All-Season Tires

Performance Testing All-Weather Tires Versus All-Season Tires

by TrackWorthy,

Who knew that all-season tires really aren’t suitable for use in all four seasons. Those in the know, refer to them as three-season tires. If you live in a climate that experiences spring, summer, fall and cold and snowy winters, then you should not be using all-season tires during the winter months. Once temperatures dip below +7 degrees Celsius, you should switch to all-weather or winter tires.

Kal Tire wanted to demonstrate the different handling capabilities and characteristics of all-weather tires verses all-season tires. They set up a series of handling courses, in a controlled environment, so that we could experience firsthand, the impact of switching from all-season to all-weather tires.

We drove a Volkswagen Jetta equipped with factory installed all-seasons (the black car) and one equipped with Nokian WR G4 all-weather tires (the white car). Nokian invented winter tires and all-weather tires. They released the first all-weather Nokian WR tire to the consumer market in the early 2000’s. Kal Tire was the first retailer in North American to offer these tires to consumers.

In the braking exercise, we tested the tires emergency stopping capabilities. We accelerated to 50 km/h, then hit the brakes as hard as we could. In each case, the all-weather tires stopped a distance of 10 feet shorter than the all-season tires. That might not seem like a big distance, but imagine slamming on the brakes in a snowstorm in rush-hour traffic. That could mean the difference between not hitting the vehicle in front of you, to ending up in potentially dangerous and expensive fender-bender. Extrapolate that to highway speeds, and the difference in stopping distances would be that much more impactful.

Kal Tires’ independent test result were even more dramatic, determining that all-weather tires stopped in about fifteen feet shorter distance than the all-season tires. That is the distance of one car length.

Kal Tire Test Rating
Braking on ice at 30 km/k
– All-Season Tire: 2.5 stars (out of 5)
– All-Weather Tire: 3.5 stars
– Winter Tire: 4.5 stars

Kal Tire Test Rating
Braking on snow at 50 km/k
– All-Season Tire: 2.0 stars (out of 5)
– All-Weather Tire: 4.0 stars
– Winter Tire: 4.5 stars

Where the all-weather tires really shone, was in the two handling courses. We lapped the skip pad at 25 to 35 km/h. The handling capabilities of the all-weather tire were much higher than the all-seasons. The level of understeer from the all-season tires was very apparent. The car consistently wanted to slide off of the snow and out onto the paved surface. The transition, from snow to dry surfaces, was much more abrupt as well, because the car arrived at the paved section with so much understeer. The all-weather tires had less understeer and therefore transitioned well onto the paved section, with the front wheels doing what they are intended to do, which is steer the car in the direction you want to go. We were cornering so much faster and consistently with the all-weather tires that it made us dizzy, which was a good thing. It meant that the all-weather tires were doing their job. The difference between the two tires was very noticeable.

Kal Tire Test Rating
Cornering on ice
– All-Season Tire: 1.5 stars (out of 5)
– All-Weather Tire: 3.0 stars
– Winter Tire: 4.0 stars

Kal Tire Test Rating
Cornering on snow
– All-Season Tire: 2.0 stars (out of 5)
– All-Weather Tire: 3.5 stars
– Winter Tire: 4.5 stars

The slalom course, with its snow covered and dry sections, was the highlight of the day. We attacked it as aggressively as we could and the all-season tires provided very low levels of grip and confidence. Trying to maintain some speed through the cones was like racing in slow motion. Again we experienced significant understeer and a general sense of a lack of control and pace. We were trying to make it through the cones as quickly as possible, we just couldn’t. The all-weather tires were so much more fun! We were much more aggressive with our throttle and cornering inputs because the all-weather tires delivered appreciably higher levels of grip, performance and confidence. We came away from this exercise really questioning just how safe it is using all-season tires in snowy conditions.

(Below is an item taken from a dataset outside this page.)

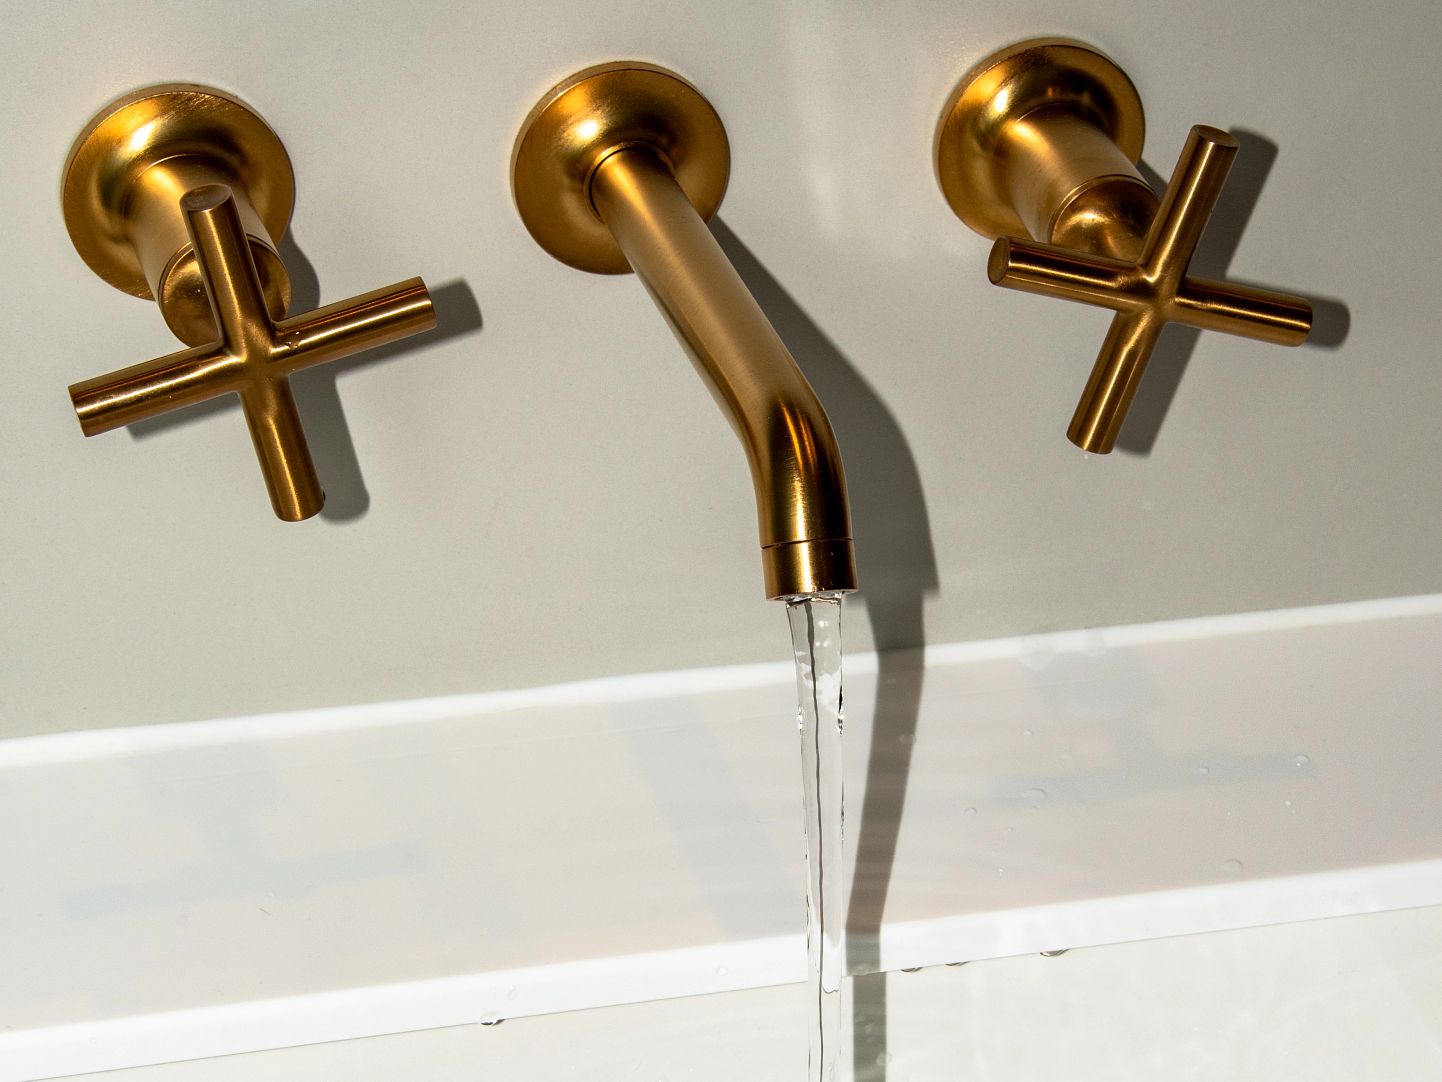 Hot and Cold Water flwoing from a Gold Coloured Stainless Steel Faucet
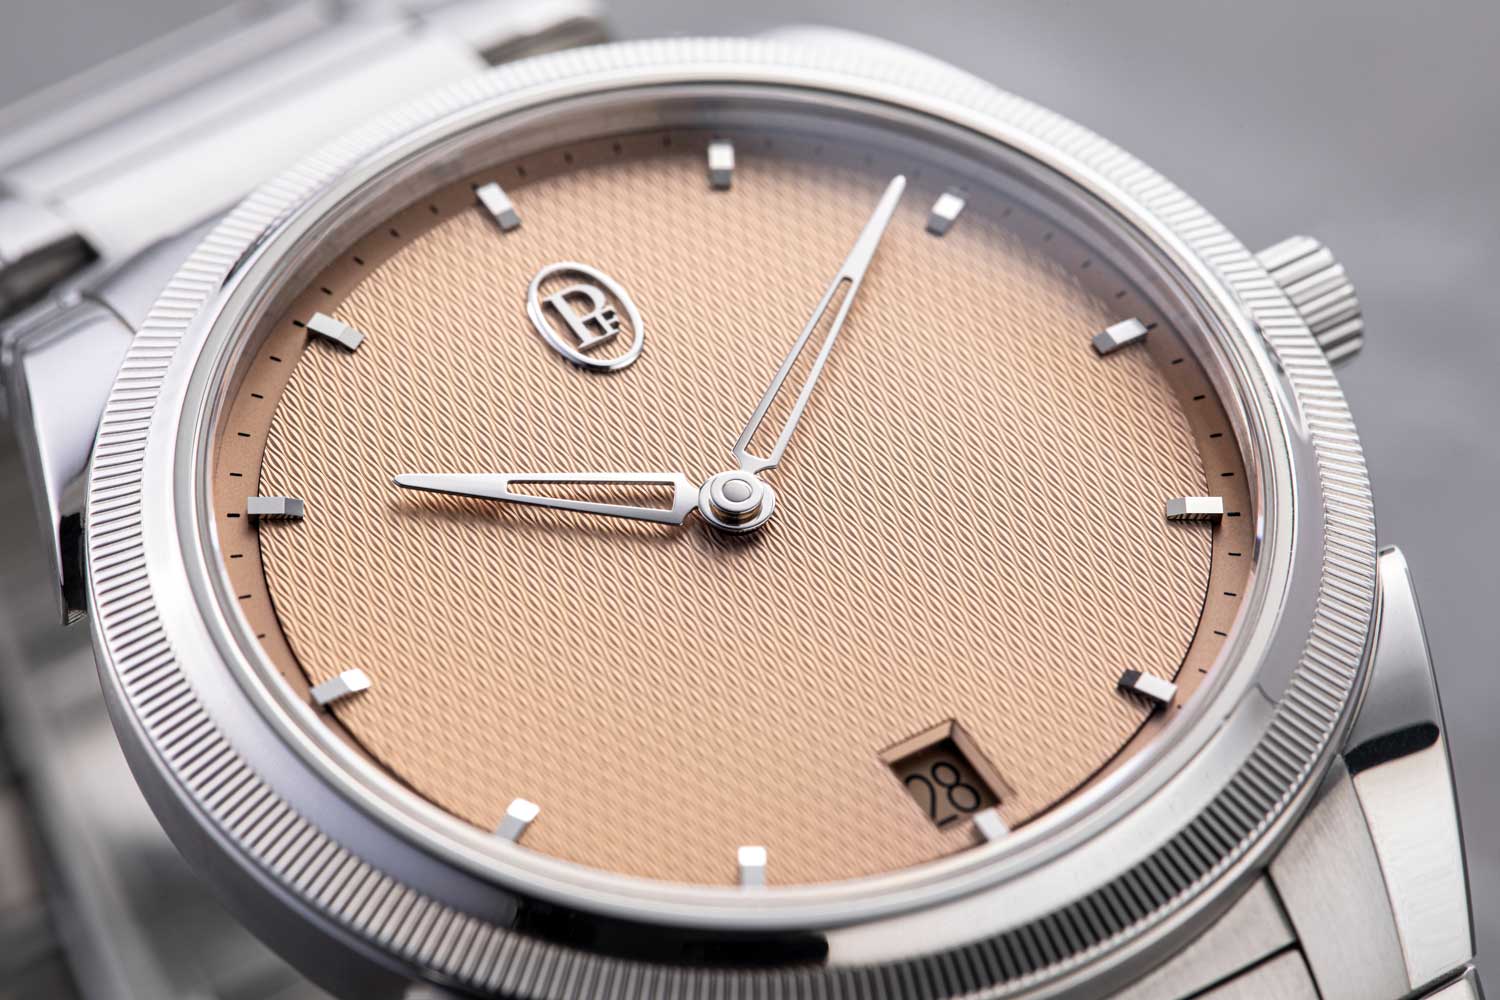 Surely a sign of its design perfection — the exquisite miniature guilloché pattern on the dial

Driving a two ton vehicle, on rubber tires, with four contact patches the size of your hand, on snow and ice in freezing weather, seems like a recipe for disaster. Winter driving on all-season/three season tires hinders the driver’s ability to defend themselves against Mother Nature’s cold weather offerings. The next rung up the winter driving performance ladder are a set of all-weather tires. They aren’t going to perform as well as a dedicated set of winter tires, but they are going to perform better in every respect compared to all-season tires. An additional bonus for all-weather tires, is they are suitable for use all year long. Switching from all-season to winter tires is a bit of a process, and requires the storing of a set of tires or wheels and tires throughout the year. That is not necessary if you have one set of all-weather tires.

Driving exercises like this are very useful and really help illustrate the different performance handling characteristics of these two types of tires. There is no question that experiencing this firsthand helps drive home the point that we really need to do everything we can to try to equip our cars with the best tires possible to safely navigate through the winter driving season.